— Выручайте, ребята, найдётся галета какая на зуб положить?
Варенька радостно закивала головой. Так они с Тетяной и сдружились, раз уж оказались заодно, в одной, так сказать лодке, то есть, палатке. Короче, в одной упряжке. Поскольку Варенька лично поддержала тему, услужливый Колян метнулся в машину за сидором с консервами. Я решил, что-то рановато наступил «чёрный день», но деваться некуда: самому жрать охота. А вчерашние мидии и улитки вчера же и кончились.
Порылась Тетяна в мешке и поджала губки. Передала Варе. Та взглянула и так же скривилась:
— Тут только тухлец в собственном соку да кишки в томате. А что-нибудь съедобное у тебя есть?
Обиделся я и достал им из кармашка рюкзака по пакетику растворимой овсянки.
— Кипяток сами вскипятите, раз вы такие привередливые. А нам с Коляном сейчас килечка великолепно зайдёт.
Облизнулся улыбчивый Колян. Перспектива ему была в пору. Но Варвара такой волевой бабой Ягой на него зыркнула, что малец тотчас потемнел. Поплёлся под дождь. Теперь то ли костёр разводит, то ли примус кочегарит. Тут уж и я обиделся — отобрали у меня сотрапезника. Зашвырнул сидор с консервами в угол палатки, повернулся к гостьям спиной и уставился на «Роман-газету».

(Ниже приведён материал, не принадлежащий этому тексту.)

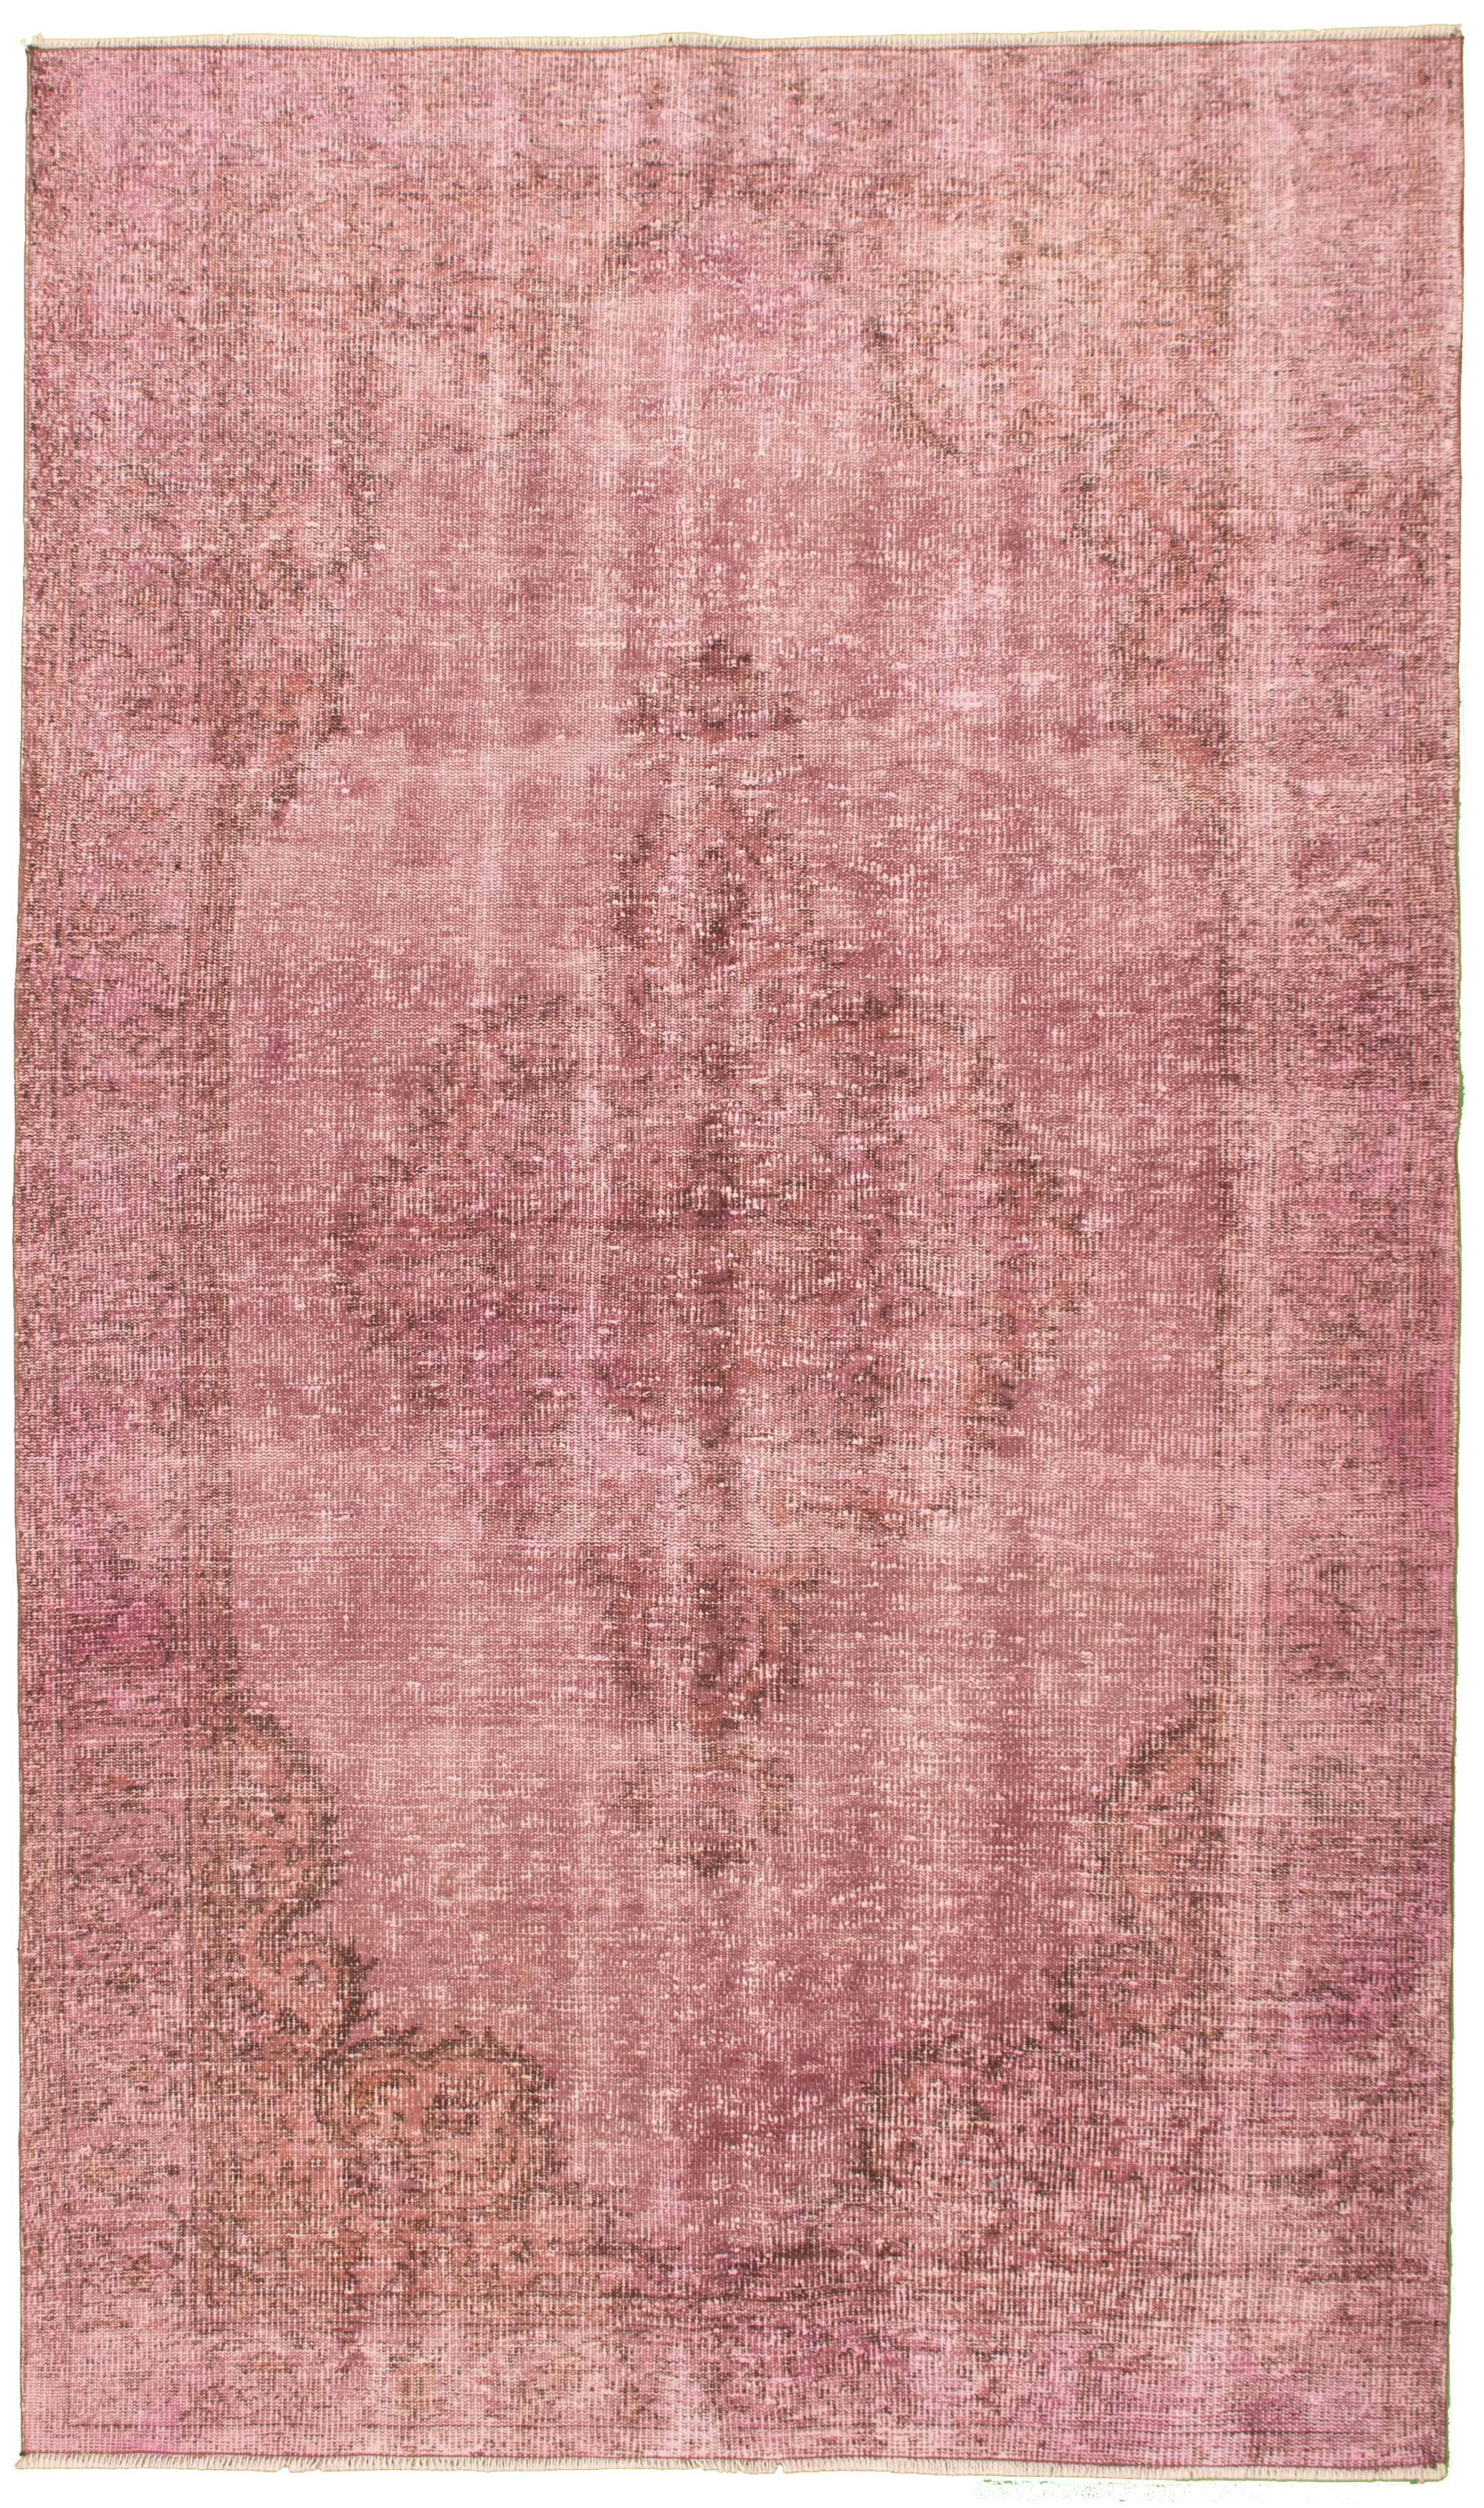 Hand-knotted Color Transition Violet Wool Rug 5'2" x 8'9" Size: 5'2" x 8'9"

После тихого часа прибыл с материка автобус рейсовый. Ну, это я тогда думал, что рейсовый. На полном серьёзе. Решил даже при случае расписание загуглить. Вдруг пригодится оказия какая. Оказалось: явились дикари, измученные городомором. Целой компанией. Отдыхать на природе нетронутой. Ну, дикари, как есть. Чесслово. Орали-буянили. В момент нассали, насрали, бутылки выпили и разбили о прибрежные валуны. Разбрелись теперь фрики по острову и отсыпаются в траве, кого, где и как сморило. Говорят, у них каждый год так. Задвигают Москву, Петербург, Воронеж и отправляются в поход на любимое место. С комузом, кубызом и балаганом. Оставляют после себя природу истроганной, надруганной. И подметальщик за честно́й компанией один единственный. И звать его ветер.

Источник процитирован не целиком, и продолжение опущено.